A Declaração Política, conhecida como Comprimiso de Sevilla ou Compromisso de Sevilha - foi adotado por consenso no primeiro dia da conferência. O texto representou o resultado de meses de negociações tensas entre os Estados-Membros, iniciadas no início de 2025, sendo que as questões mais debatidas foram dívida, impostos, comércio, mudanças climáticas e algumas referências à igualdade de gênero. Durante todo o processo, Fòs Feminista trabalhou em parceria com o Feminist Workstream on FfD para defender uma abordagem interseccional ao financiamento, que aplicou uma lente de justiça às questões de financiamento e destacou a conexão entre finanças, desenvolvimento, direitos humanos e igualdade de gênero, além de saúde e direitos sexuais e reprodutivos. A adoção do texto, apesar dos muitos debates, marca, em última análise, um passo importante no papel do multilateralismo, reforçando os compromissos dos Estados Membros com a realização dos Objetivos de Desenvolvimento Sustentável, especialmente em um momento em que os ODSs estão sob ataque dentro do sistema da ONU. 

De modo geral, do ponto de vista feminista, a Declaração Política é mista em termos de seu compromisso com a justiça social em todas as áreas.  

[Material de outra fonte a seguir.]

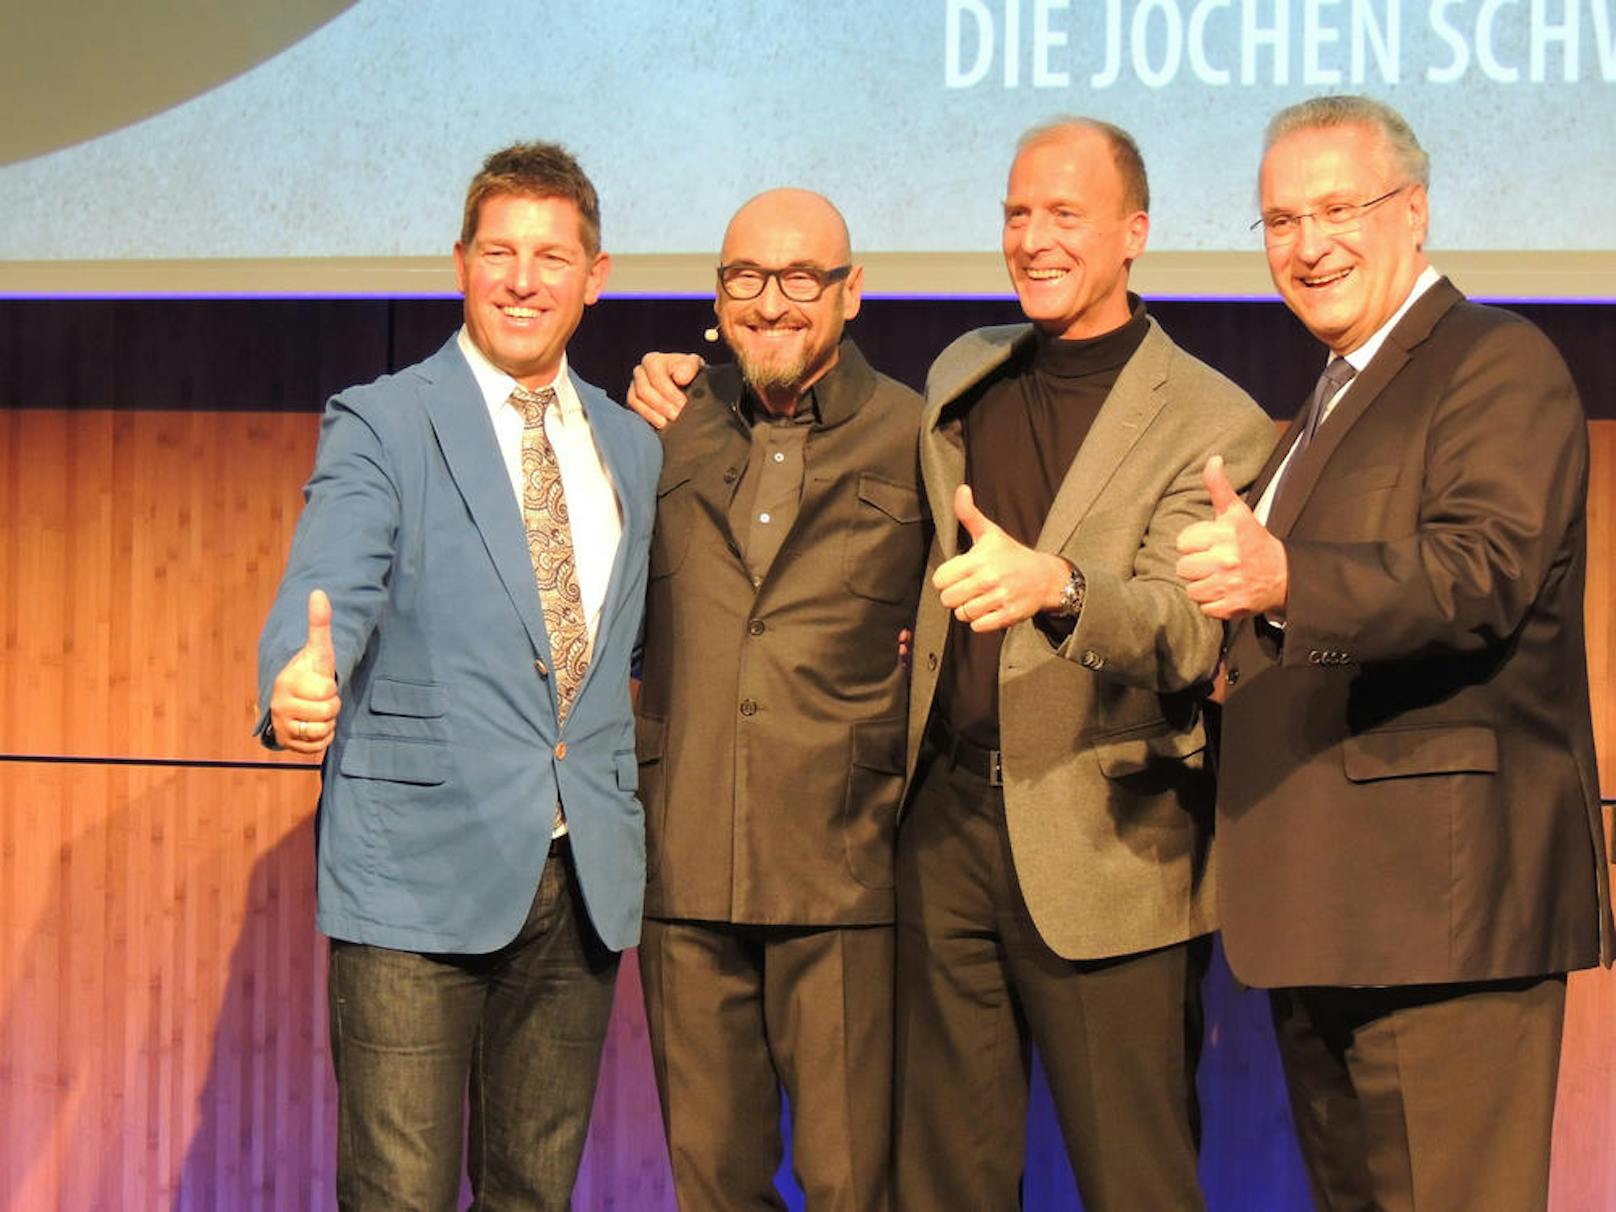 Jochen Schweizer (2. von links) mit dem Taufkirchner Bürgermeister Ullrich Sander, Airbus-Chef Tom Enders und Staatsminister Joachim Herrmann (von links nach rechts)

Primeiramente, sobre a questão da inclusão de gênero no financiamento público, vemos que a Declaração Política reafirma os compromissos dos Estados Membros com a igualdade de gênero e o empoderamento de todas as mulheres e meninas, encontrados no Parágrafo 11 do texto, e, além disso, compromete-se a integrar uma perspectiva de gênero e a promover soluções sensíveis ao gênero em toda a agenda de financiamento para o desenvolvimento. O parágrafo 27(g) também se compromete a promover orçamentos sensíveis ao gênero e a avançar a discussão sobre tributação sensível ao gênero, aprimorando o monitoramento e a avaliação de orçamentos com uma perspectiva de gênero para identificar preconceitos de gênero nos sistemas tributários. 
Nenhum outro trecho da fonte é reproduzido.